Beyond digital media Beyond the digital media, there lies an era of zero circulation and zero revenue from customers. When US author Frank Ahrens wrote a series of articles depicting the future of newspapers in the Washington Post, many were fascinated and terrified.
In future, you would be carrying a paper-thin video screen exactly the size of a broadsheet. While at home or travelling in cars, buses and aeroplanes, you would have to link it with a fibre line and reading the newspaper of your choice on it.
After reading the news, you would fold up the screen and put it in your bag. The paper-thin screen will serve the purpose of paper, television and the internet simultaneously.
“Imagine a world in which newspapers no longer print any paper copies. For a paper the size of the Washington Post, which prints about 700,000 papers a day and one million on Sundays, that could be an annual savings of more than $110 million, with newsprint at $625 per metric ton and rising.
“Imagine a business model where such a video screen is cheap enough that The Post could give one away to new subscribers, weaning them off the paper product.

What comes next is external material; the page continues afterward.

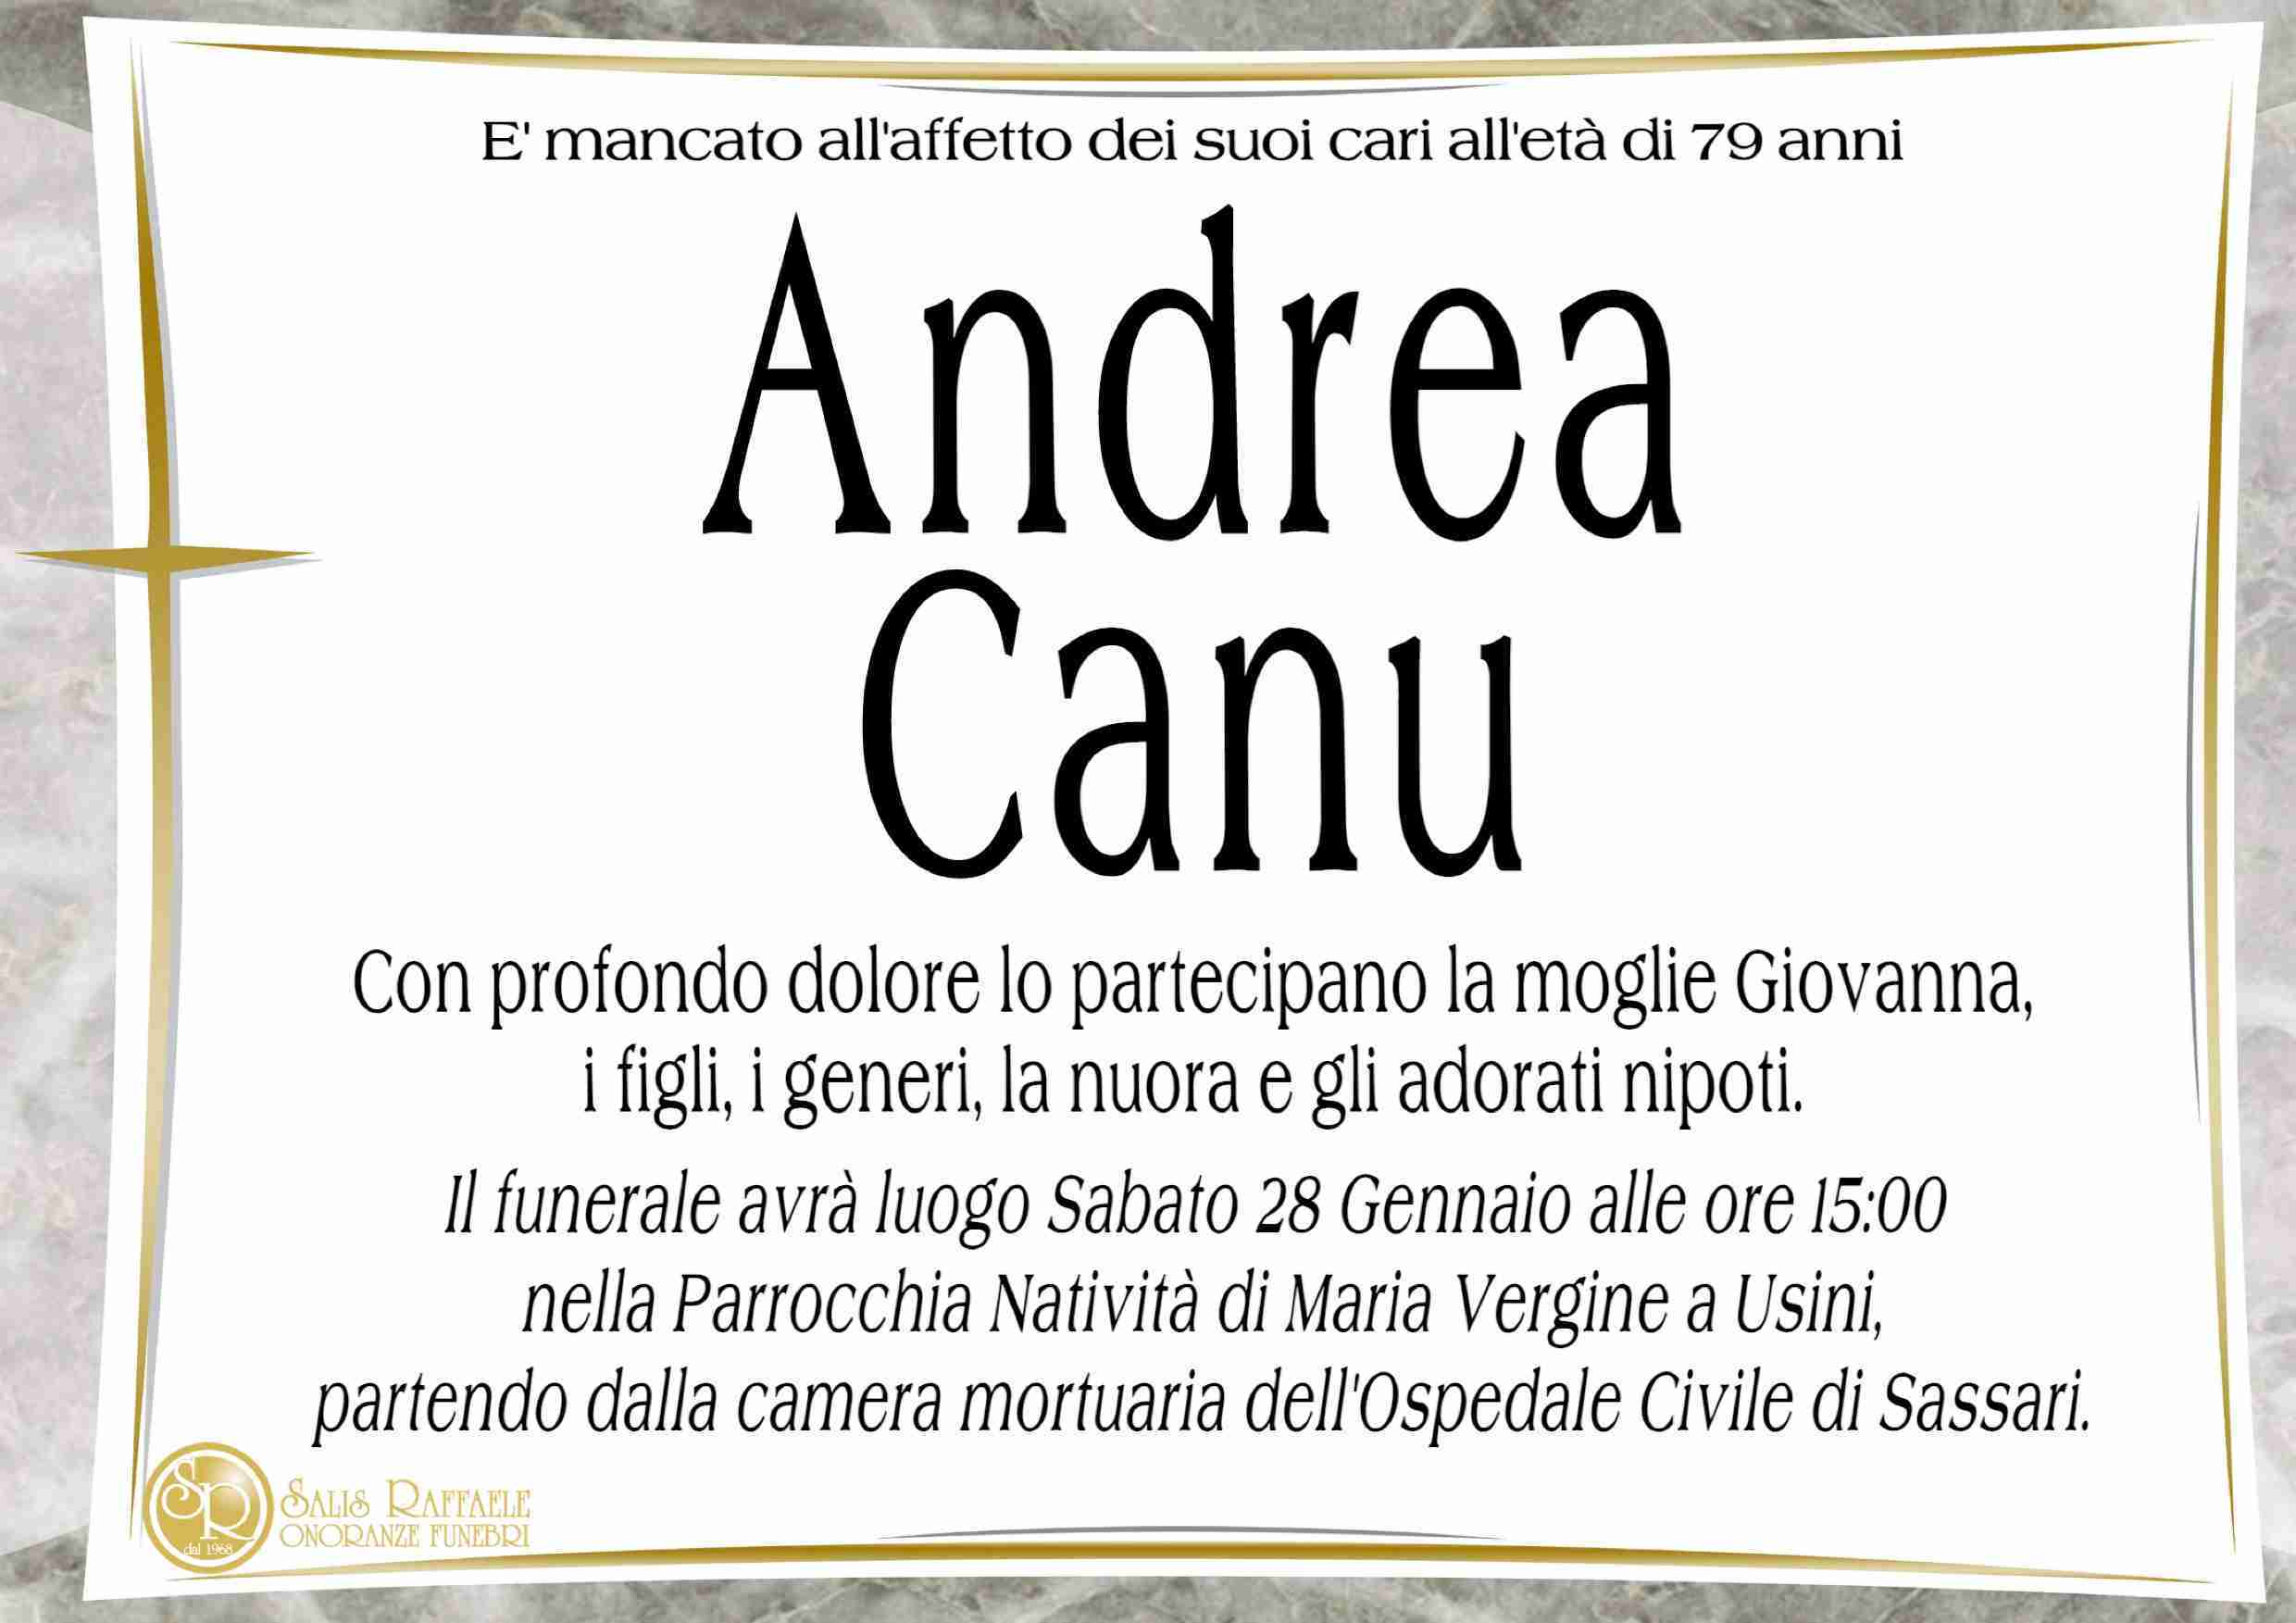 Andrea Canu

Or, if you didn't want to subscribe, you buy a screen and get the daily paper when you buy it, one at a time,” a columnist said.
The Economist predicted that “the first quarter of 2043 will be the moment when newsprint dies in America as the last exhausted reader tosses aside the last crumpled edition.”
Googlezon
IT has been predicted in the EPIC 2014 movie released in November 2004 that under Googlezon (the merger of Google and Amazon.com) media will be controlled by bloggers. The eight-minute-long movie revolves around a company named Googlezon after the fictional merger of Google and Amazon.com.
In the movie, two giant companies Google and Amazon.com become Googlezon and challenge Microsoft. Googlezon defeats Microsoft and start controlling news submission and distribution system. The system finally proves to be the proverbial last nail in the coffin of newspapers.